Я бойкотирую продукцию компаний, принадлежащих нефтегазовым миллиардерам братьям Кох, которые успешно лоббируют свои интересы во многих выборных законодательных собраниях в США. Они вкладывают огромные суммы, продвигая целыми списками нужные им законы. Все это делается тайно, но сами братья — публичные фигуры: они дают деньги больницам и общественному телевидению, создают себе имидж филантропов, но одновременно поддерживают самых отвратительных кандидатов на выборах, проводят кампании против профсоюзов и трудовых прав, ратуют за снижение зарплат и отмену налогов. Многие люди бойкотируют принадлежащие Кохам компании, а это широкий выбор товаров, в основном бумажных.

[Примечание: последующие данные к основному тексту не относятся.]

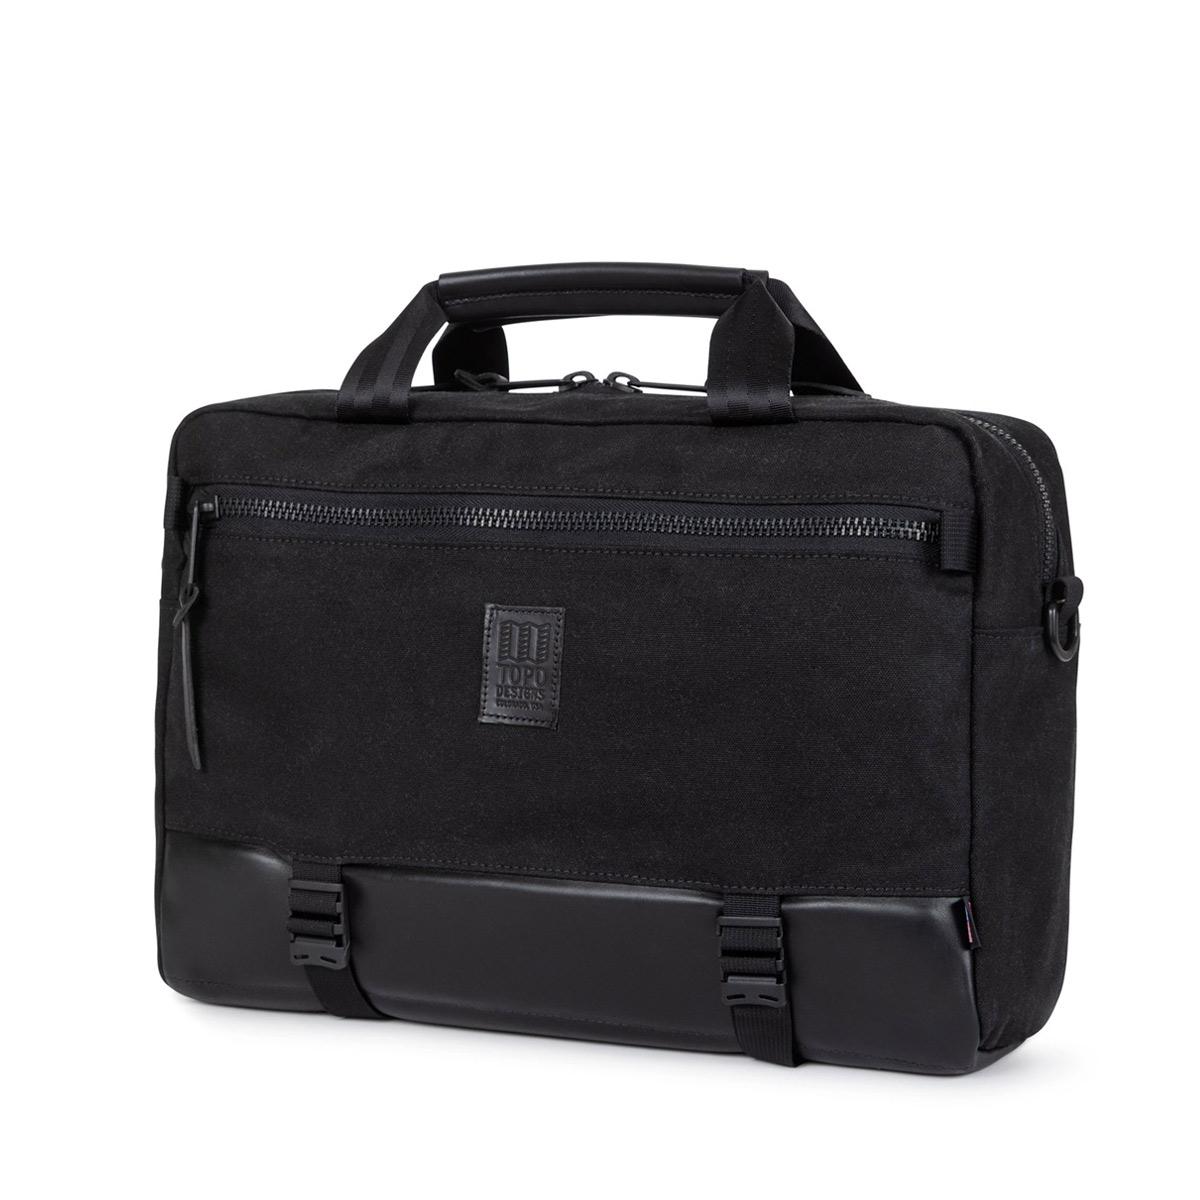 Topo Designs Commuter Briefcase Heritige Black Canvas/Black Leather

Другой бойкот организован против химической компании «Монсанто». Такие кампании бойкота — распространенное явление в США.
— Они продуктивны?
— Это зависит от многих факторов. Бойкот продукции братьев Кох, всех этих полотенец, платков и бумаги для принтера, не имеет никакого экономического эффекта. Но для левых это один из способов самоорганизации. Люди очень злятся, когда читают о «Монсанто» и генно-модифицированных организмах, о том, как определить, в каких продуктах питания они содержатся. Когда люди приходят к решению о бойкоте, они также начинают обращаться к другим формам активизма: пишут избранным представителям и президенту, устраивают марши и сидячие демонстрации, даже приковывают себя к воротам различных зданий. Бойкот — это индивидуальный акт, иногда он срабатывает, если компании, против которых он направлен, хоть немного страдают, если это влияет на их прибыль. Обычно компании поддерживают две составляющие своей рыночной позиции: продают товар и защищают бренд. А вот братьям Кох все равно — «Кох Индастриз» не является публичной акционерной компанией, цена акций их не волнует. Они миллиардеры, и, как и в случае российских олигархов, их успех зависит в основном от нефти и газа.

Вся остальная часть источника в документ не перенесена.